_What you will do_: Taking the first line of the listing as the start and the line containing "1900? AUSTRIA,HUNGARY EMPIRE,BOSNIA,REICH" as the end, reproduce everything in between exactly, both ends included.

_Material for this exercise_:
BEGIN
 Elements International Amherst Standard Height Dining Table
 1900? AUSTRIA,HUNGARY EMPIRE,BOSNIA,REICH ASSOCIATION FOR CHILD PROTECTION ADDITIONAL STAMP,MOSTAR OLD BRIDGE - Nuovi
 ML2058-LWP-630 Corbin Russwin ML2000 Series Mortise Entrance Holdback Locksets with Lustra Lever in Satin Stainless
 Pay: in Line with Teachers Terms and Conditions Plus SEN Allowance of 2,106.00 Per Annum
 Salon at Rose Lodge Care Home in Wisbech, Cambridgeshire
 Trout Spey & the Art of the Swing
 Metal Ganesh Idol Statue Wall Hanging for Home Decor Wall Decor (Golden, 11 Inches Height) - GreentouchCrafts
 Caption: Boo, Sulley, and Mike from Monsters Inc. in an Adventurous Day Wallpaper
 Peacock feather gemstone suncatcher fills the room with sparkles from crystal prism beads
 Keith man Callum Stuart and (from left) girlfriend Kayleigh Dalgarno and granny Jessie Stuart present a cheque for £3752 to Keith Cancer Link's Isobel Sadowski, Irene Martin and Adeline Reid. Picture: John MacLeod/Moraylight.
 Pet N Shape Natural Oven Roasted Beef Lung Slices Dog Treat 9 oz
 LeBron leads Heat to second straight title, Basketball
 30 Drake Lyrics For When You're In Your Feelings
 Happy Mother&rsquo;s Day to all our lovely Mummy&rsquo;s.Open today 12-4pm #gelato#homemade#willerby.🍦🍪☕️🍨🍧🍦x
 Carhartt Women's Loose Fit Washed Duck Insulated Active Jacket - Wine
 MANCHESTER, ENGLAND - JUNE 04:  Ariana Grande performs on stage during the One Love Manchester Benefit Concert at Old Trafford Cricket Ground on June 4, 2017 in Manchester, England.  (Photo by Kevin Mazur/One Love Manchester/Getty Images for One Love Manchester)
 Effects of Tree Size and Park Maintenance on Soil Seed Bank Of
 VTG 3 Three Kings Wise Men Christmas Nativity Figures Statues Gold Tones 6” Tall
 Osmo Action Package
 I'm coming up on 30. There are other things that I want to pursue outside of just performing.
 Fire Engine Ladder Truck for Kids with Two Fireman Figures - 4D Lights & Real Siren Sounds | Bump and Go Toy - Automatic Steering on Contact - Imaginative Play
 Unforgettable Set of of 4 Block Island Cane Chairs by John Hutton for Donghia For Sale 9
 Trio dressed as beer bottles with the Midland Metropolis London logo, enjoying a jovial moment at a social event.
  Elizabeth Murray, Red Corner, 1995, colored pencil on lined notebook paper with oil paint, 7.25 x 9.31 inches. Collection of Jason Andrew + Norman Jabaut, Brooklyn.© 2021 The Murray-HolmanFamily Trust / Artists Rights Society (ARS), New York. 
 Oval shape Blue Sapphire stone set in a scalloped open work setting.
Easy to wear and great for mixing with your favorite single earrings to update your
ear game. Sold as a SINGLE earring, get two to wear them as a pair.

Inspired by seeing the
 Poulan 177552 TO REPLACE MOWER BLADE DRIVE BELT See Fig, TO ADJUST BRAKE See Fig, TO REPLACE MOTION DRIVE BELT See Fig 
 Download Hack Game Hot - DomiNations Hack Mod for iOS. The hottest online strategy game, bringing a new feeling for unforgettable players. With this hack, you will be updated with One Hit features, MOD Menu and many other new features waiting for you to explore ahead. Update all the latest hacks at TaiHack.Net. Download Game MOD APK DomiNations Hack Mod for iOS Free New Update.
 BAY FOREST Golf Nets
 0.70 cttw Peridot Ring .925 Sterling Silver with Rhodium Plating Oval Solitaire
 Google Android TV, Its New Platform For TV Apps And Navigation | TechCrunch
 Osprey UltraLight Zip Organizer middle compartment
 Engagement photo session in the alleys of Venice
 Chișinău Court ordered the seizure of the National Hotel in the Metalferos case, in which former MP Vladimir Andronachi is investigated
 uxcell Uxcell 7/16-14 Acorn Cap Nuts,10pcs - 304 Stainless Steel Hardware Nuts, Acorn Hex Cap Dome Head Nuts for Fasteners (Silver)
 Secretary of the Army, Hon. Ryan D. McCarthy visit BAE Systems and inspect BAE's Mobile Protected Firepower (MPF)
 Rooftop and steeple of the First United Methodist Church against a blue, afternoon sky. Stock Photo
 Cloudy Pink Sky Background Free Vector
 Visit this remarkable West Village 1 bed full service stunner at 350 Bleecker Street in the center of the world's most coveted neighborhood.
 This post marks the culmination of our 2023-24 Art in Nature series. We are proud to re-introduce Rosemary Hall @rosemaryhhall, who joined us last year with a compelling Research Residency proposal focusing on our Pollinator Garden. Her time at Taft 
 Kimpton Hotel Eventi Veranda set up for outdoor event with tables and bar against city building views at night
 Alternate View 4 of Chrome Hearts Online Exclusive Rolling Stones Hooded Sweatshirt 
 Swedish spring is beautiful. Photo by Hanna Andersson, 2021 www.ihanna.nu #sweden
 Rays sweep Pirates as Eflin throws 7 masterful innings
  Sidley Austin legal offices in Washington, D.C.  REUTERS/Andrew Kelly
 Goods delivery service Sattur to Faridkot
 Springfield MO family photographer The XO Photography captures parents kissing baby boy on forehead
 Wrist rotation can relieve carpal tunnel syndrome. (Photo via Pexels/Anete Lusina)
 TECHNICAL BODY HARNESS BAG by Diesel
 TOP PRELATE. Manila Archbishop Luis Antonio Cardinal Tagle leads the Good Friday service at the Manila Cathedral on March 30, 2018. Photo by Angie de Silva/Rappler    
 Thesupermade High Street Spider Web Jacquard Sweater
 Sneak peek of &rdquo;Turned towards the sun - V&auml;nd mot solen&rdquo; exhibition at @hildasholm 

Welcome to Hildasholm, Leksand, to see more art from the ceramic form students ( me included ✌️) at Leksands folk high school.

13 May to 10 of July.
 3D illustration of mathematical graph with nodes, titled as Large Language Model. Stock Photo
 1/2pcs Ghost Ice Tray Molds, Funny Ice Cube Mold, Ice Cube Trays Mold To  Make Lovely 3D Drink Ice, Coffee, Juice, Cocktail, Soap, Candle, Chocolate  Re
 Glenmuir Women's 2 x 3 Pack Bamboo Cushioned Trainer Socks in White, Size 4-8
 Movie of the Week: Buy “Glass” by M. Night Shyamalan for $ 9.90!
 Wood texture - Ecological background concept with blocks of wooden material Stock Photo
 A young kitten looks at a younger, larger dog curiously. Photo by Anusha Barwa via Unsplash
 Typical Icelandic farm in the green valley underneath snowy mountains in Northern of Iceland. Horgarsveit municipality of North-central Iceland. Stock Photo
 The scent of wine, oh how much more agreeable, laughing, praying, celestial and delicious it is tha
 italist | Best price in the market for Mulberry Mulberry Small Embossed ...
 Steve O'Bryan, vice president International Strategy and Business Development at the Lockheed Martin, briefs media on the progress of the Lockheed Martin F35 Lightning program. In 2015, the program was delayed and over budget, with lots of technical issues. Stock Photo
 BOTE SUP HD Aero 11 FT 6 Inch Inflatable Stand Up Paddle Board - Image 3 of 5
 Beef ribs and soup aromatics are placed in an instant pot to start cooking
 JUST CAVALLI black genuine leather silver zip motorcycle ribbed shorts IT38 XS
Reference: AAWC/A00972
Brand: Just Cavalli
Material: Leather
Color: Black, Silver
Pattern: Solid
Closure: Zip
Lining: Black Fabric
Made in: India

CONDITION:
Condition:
END
_Exercise response_:
 Elements International Amherst Standard Height Dining Table
 1900? AUSTRIA,HUNGARY EMPIRE,BOSNIA,REICH ASSOCIATION FOR CHILD PROTECTION ADDITIONAL STAMP,MOSTAR OLD BRIDGE - Nuovi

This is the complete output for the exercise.